Кристоф стал возражать; тогда она добавила со своей обычной дерзкой усмешкой:

— Роль утешителя очень выигрышна.

Он понял не сразу. А когда понял, когда решил, что она подозревает его в личной заинтересованности, меж тем как ему искренне жаль ее, он с негодованием вскочил, распахнул дверцу и собрался спрыгнуть, хотя поезд уже тронулся. Ей стоило труда удержать его. Он сердито сел на место и закрыл дверцу, как раз когда поезд входил в туннель.

— Вот видите, — сказала она. — Вы могли погибнуть.

— Наплевать, — ответил он.

Кристоф больше не желал с ней разговаривать.

— Мир очень глупо устроен, — сказал он. — Люди мучают друг друга, мучаются сами, а когда хочешь помочь человеку, он тебя в чем-то подозревает. Вот гадость! Это не люди, а какие-то уроды.

Она, смеясь, пыталась его успокоить. Положила ему на руку свою затянутую в перчатку ручку и, ласково уговаривая, назвала его имя.

— Как, вы знаете меня? — удивился он.

— А кто кого не знает в Париже? Мы ведь одного поля ягоды. И напрасно я с вами так говорила. Я вижу, вы славный малый. Успокойтесь же! Дайте руку! Ну, помирились?

Они пожали друг другу руку и стали беседовать дружески.

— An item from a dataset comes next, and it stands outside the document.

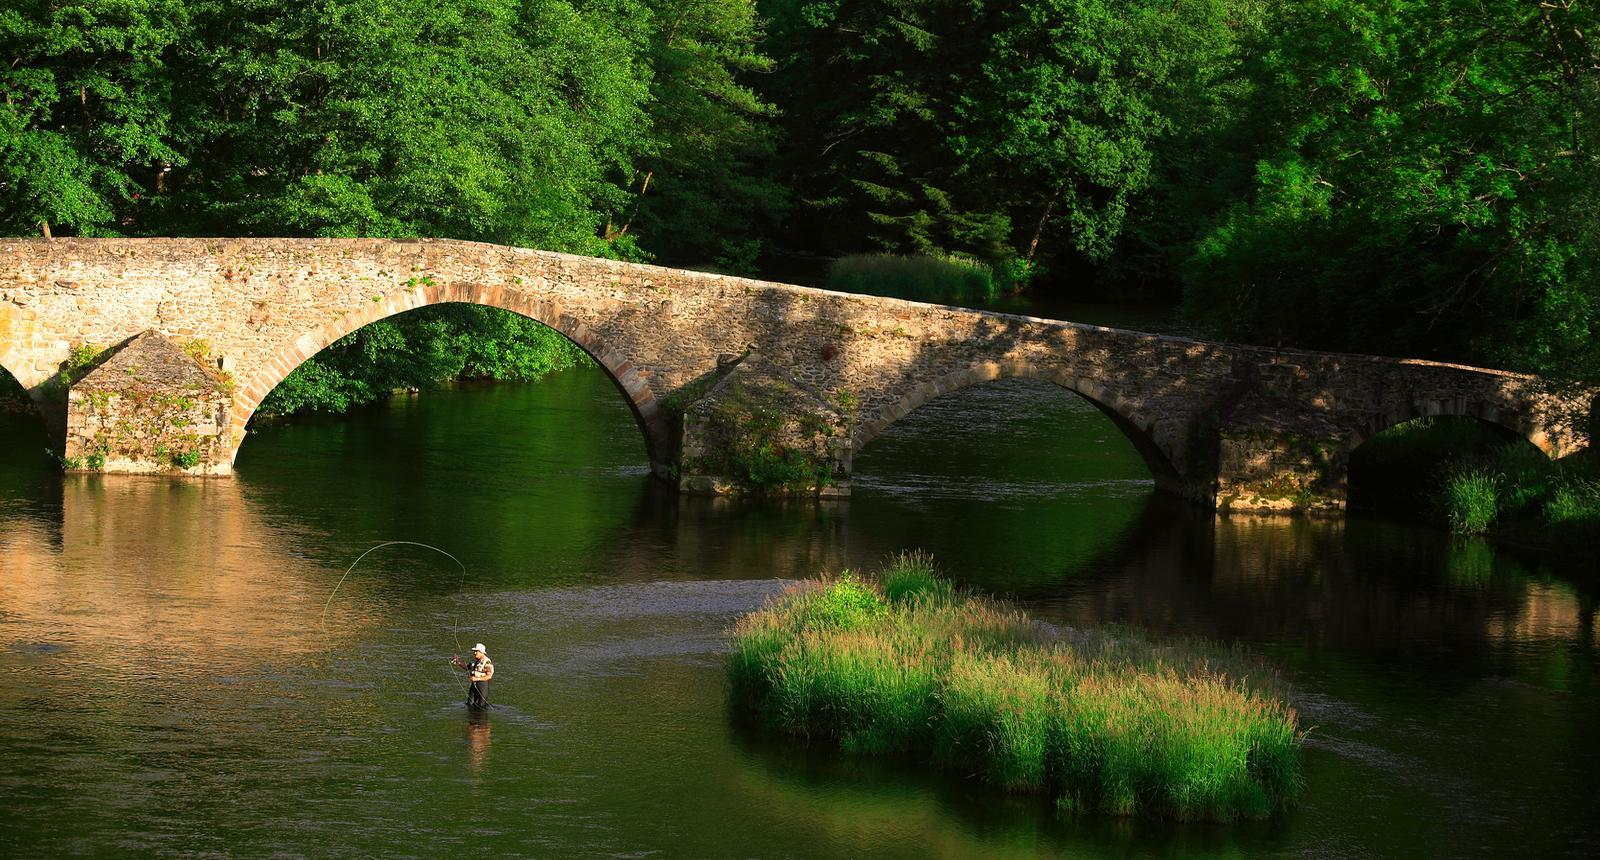 Pêche à la mouche au pont de Menat

— Я не виновата, — объяснила она. — Слишком горький у меня опыт, и теперь я не верю никому.

— Меня тоже часто обманывали, — ответил Кристоф. — А я продолжаю верить людям.

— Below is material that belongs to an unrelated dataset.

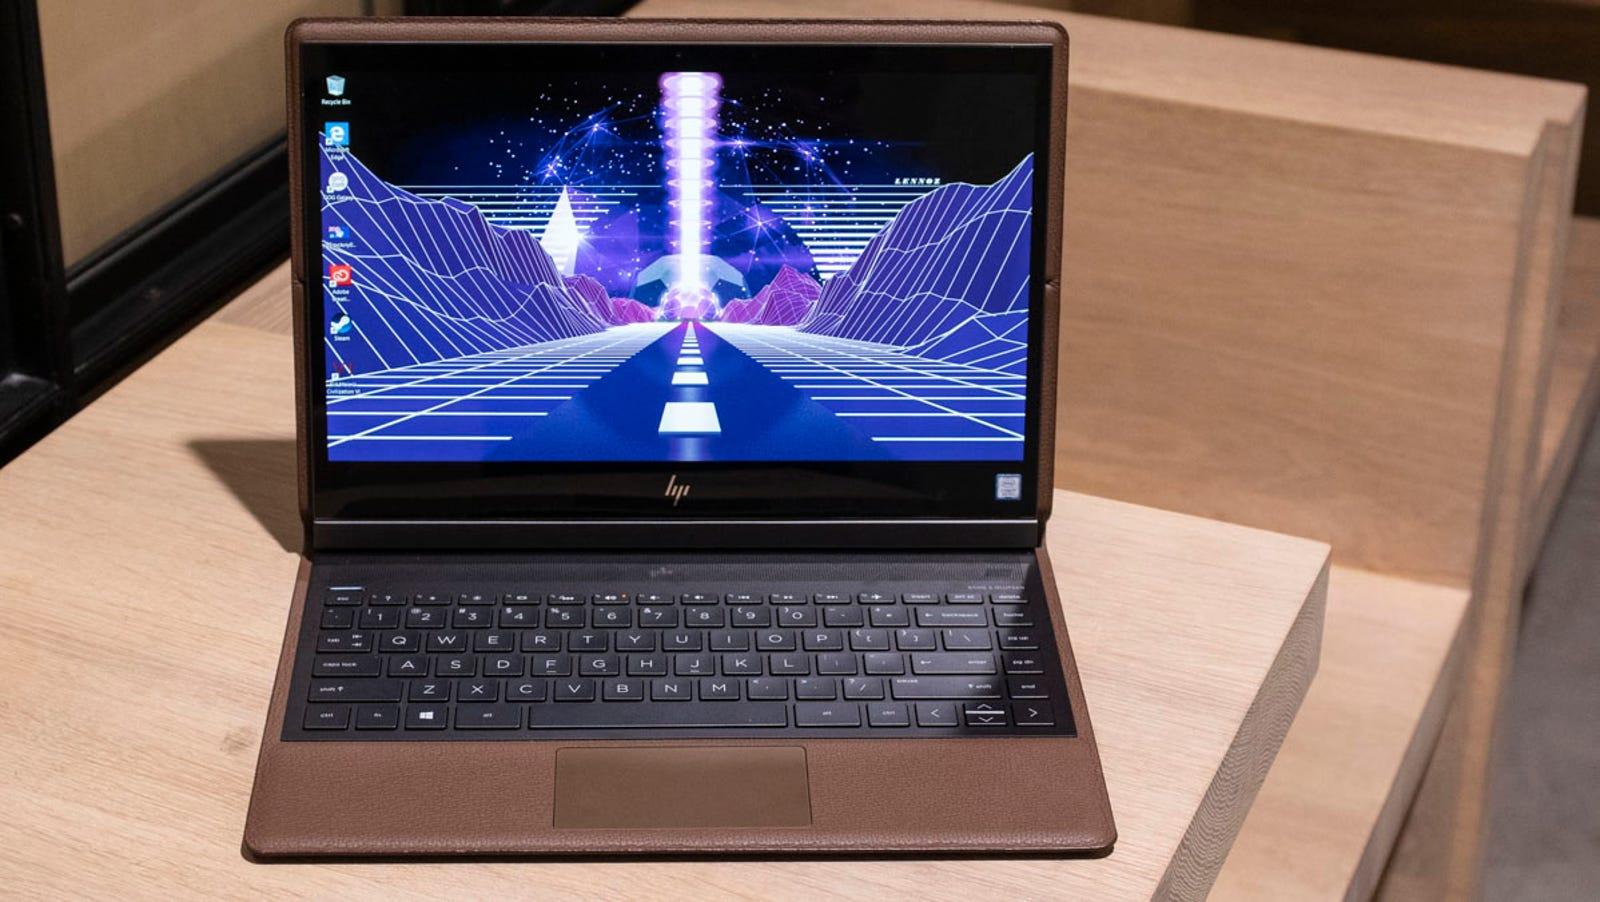 Laptop mode.

— Сразу видно, что вы родились простофилей.

Он рассмеялся.

— Правда, мне часто приходилось глотать горькие пилюли. Но это меня не тревожит. Желудок у меня здоровый. Мне случалось справляться и с более крупным зверьем — с голодом, с нуждой, а иногда и с мерзавцами, которые портили мне кровь. Все это только пошло мне на пользу.

— Вам хорошо, — сказала она, — вы — мужчина.

— А вы — женщина.

— Это не бог весть что.

— Это красота, а может быть, и сама доброта! — воскликнул он.

Она засмеялась:

— Это! А что с этим делают люди?

— Надо защищаться.

— Тогда доброты ненадолго хватит.

— Значит, ее и было немного.

— Возможно. А главное — не к чему страдать. Все, что слишком, иссушает душу.

Он хотел было выразить ей сочувствие, но вспомнил, какой отпор встретили недавно его соболезнования.

— Вы опять скажете, что роль утешителя выигрышна.

— Нет, больше не скажу, — обещала она. — Я чувствую, что вы по-настоящему добрый и искренний. Спасибо. Только не говорите мне ничего. Вы не знаете… Благодарю вас.

Поезд подходил к Парижу. Они расстались, не обменявшись ни адресами, ни приглашениями.

Месяца через два она пришла к Кристофу.

— Я пришла потому, что мне необходимо поговорить с вами. После нашей встречи я изредка вспоминала вас.

Она села.

— Только на минутку. Я вас не задержку.

Он начал что-то говорить. Она его прервала:

— Погодите немножко.

Они помолчали. Потом она сказала, улыбаясь:

— Я дошла до предела. Теперь мне лучше.

Он попытался расспросить ее.

— Нет, не надо! — сказала она.

Она осмотрелась по сторонам, задерживая взгляд на отдельных предметах и по-своему оценивая их, наконец увидела фотографию Луизы.

— Это мама? — спросила она.

— Да.

Она взяла карточку и вперила в нее ласковый взгляд.

— Милая старушка! — сказала она. — Вы счастливый!